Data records
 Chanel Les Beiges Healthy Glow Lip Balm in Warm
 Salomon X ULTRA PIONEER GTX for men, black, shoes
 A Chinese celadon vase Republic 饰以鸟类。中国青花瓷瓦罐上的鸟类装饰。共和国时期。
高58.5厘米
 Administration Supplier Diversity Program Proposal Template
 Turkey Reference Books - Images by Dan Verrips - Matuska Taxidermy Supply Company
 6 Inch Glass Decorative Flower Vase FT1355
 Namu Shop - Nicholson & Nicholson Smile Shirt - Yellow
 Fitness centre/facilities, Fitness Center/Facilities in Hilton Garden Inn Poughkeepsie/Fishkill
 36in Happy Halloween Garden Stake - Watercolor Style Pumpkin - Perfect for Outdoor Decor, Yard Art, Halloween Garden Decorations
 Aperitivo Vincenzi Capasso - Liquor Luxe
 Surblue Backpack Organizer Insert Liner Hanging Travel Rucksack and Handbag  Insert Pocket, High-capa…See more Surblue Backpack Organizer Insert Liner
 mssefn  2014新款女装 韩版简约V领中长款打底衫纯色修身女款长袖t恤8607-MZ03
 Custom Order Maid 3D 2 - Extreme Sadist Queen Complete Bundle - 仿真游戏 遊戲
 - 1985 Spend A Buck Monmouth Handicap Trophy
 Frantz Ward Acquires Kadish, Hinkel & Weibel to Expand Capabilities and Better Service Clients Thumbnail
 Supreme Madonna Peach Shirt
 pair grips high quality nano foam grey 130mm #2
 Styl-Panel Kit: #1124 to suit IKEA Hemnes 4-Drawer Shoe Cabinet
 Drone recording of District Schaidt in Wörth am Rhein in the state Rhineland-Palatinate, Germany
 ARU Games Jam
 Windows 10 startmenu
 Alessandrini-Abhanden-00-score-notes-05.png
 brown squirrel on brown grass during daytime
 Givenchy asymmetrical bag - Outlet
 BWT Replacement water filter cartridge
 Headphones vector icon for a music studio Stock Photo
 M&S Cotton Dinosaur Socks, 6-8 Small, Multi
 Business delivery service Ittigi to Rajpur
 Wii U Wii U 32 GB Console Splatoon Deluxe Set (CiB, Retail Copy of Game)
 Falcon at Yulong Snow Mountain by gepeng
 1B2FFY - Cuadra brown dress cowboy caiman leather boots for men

Problem statement: Locate the lines above that contain "brown" and copy them.

Task response:
 brown squirrel on brown grass during daytime
 1B2FFY - Cuadra brown dress cowboy caiman leather boots for men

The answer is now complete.